In my medical career as a busy internist in the “old days” it was enough to make the right diagnosis and order the correct therapy. Today's hospitalists must be aware of disease-specific performance standards and must even participate locally in implementation strategies to define what will be measured. The third part of Comprehensive Hospital Medicine, System Issues, covers essential nonclinical aspects of the hospitalist's role and provides tools for their measurement. In addition to helping measure the effectiveness of current hospital care, hospitalists are critical team members who will work with nurses, pharmacists, case managers, and other physicians, as well as the hospital administration, to develop changes in health care work flow to improve performance.

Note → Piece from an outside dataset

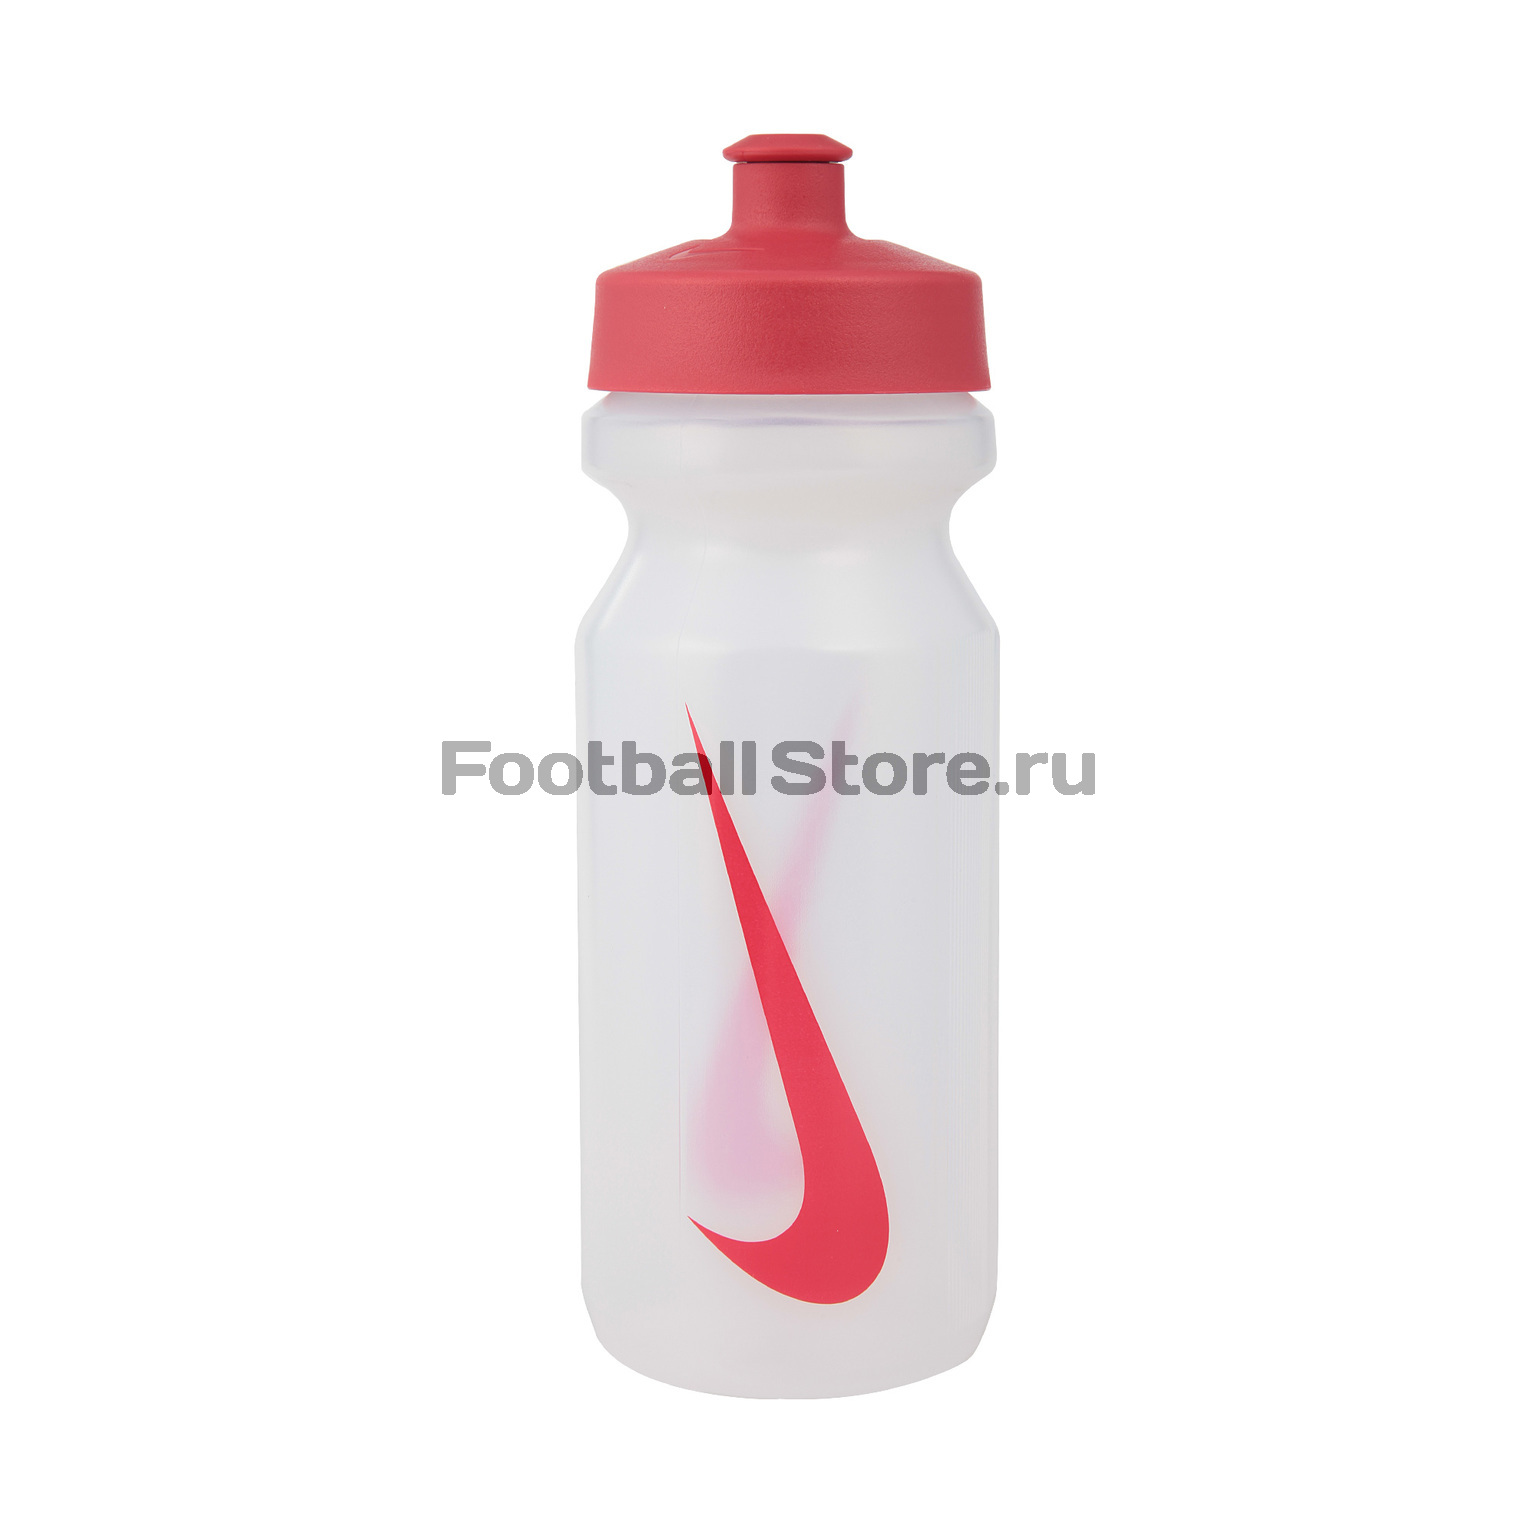 Бутылка для воды Nike Big Mouth Water 220 Z Clear Sport N.OB.17.946.22

Hospitalists will also need to be prepared to look at how the hospital functions. When is the antibiotic actually received by the patient? How can we improve the way patients move through the emergency department (ED) to allow the ED physicians to do their job more efficiently? How can we work with the intensivists and the ICU staff to transition patients out of crowded ICUs when there is so much demand to create available ICU capacity? Providing comprehensive information and guidance, Comprehensive Hospital Medicine can be a resource for hospitalists wanting to know how best to manage patient flow.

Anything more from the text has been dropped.